The Codification is not intended to change U.S. GAAP, but it changes the way U.S. GAAP is organized and presented. The Codification is effective for our 2010 quarterly consolidated financial statements and the principal impact on our financial statements is limited to disclosures as all future references to authoritative accounting literature are referenced in accordance with the Codification. In order to ease the transition to the Codification, we are providing the Codification cross-reference alongside the references to the standards issued and adopted prior to the adoption of the Codification.
Fair Value Accounting
In April 2009, the FASB issued the following updates that provide additional application guidance and enhance disclosures regarding fair value measurements and impairments of securities:
FASB Staff Position (“FSP”) FAS 157-4, “Determining Fair Value When the Volume and Level of Activity for the Asset or Liability Have Significantly Decreased and Identifying Transactions That Are Not Orderly” (“ASC Topic 820-10-65”).

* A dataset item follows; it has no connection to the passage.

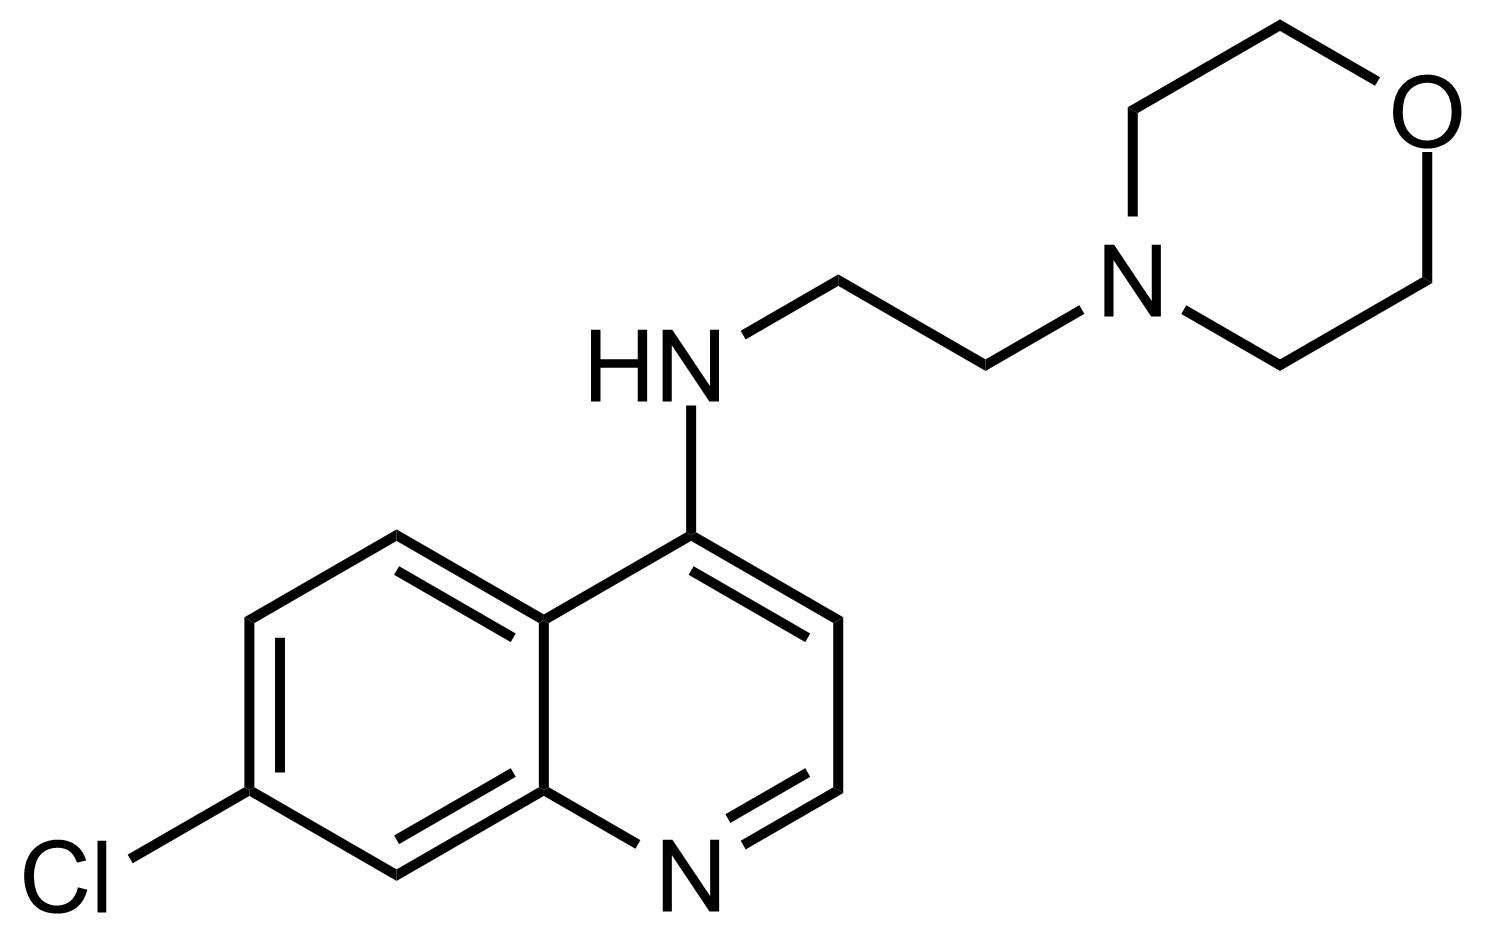 Structure of 7-Chloro-N-(2-morpholinoethyl)quinolin-4-amine

This update relates to determining fair values when there is no active market or where the price inputs being used represent distressed sales. It reaffirms the need to exercise judgment to ascertain if a formerly active market has become inactive and in determining fair values when markets have become inactive.
FSP FAS 115-2 and FAS 124-2,“Recognition and Presentation of Other-Than-Temporary Impairments” (“ASC topic 320-10-65”). This update applies to investments in debt securities for which other-than-temporary impairments may be recorded. If an entity’s management asserts that it does not have the intent to sell a debt security and it is more likely than not that it will not have to sell the security before recovery of its cost basis, then an entity may separate other-than-temporary impairments into two components: 1) the amount related to credit losses (recorded in earnings) and 2) all other amounts (recorded in Other comprehensive income).
FSP FAS 107-1 and APB 28-1,“Interim Disclosures about Fair Value of Financial Instruments”(“ASC Topic 820-10-65”). This update requires a public traded company to disclosure about the fair value of its financial instruments whenever it issues summarized financial information for interim reporting periods.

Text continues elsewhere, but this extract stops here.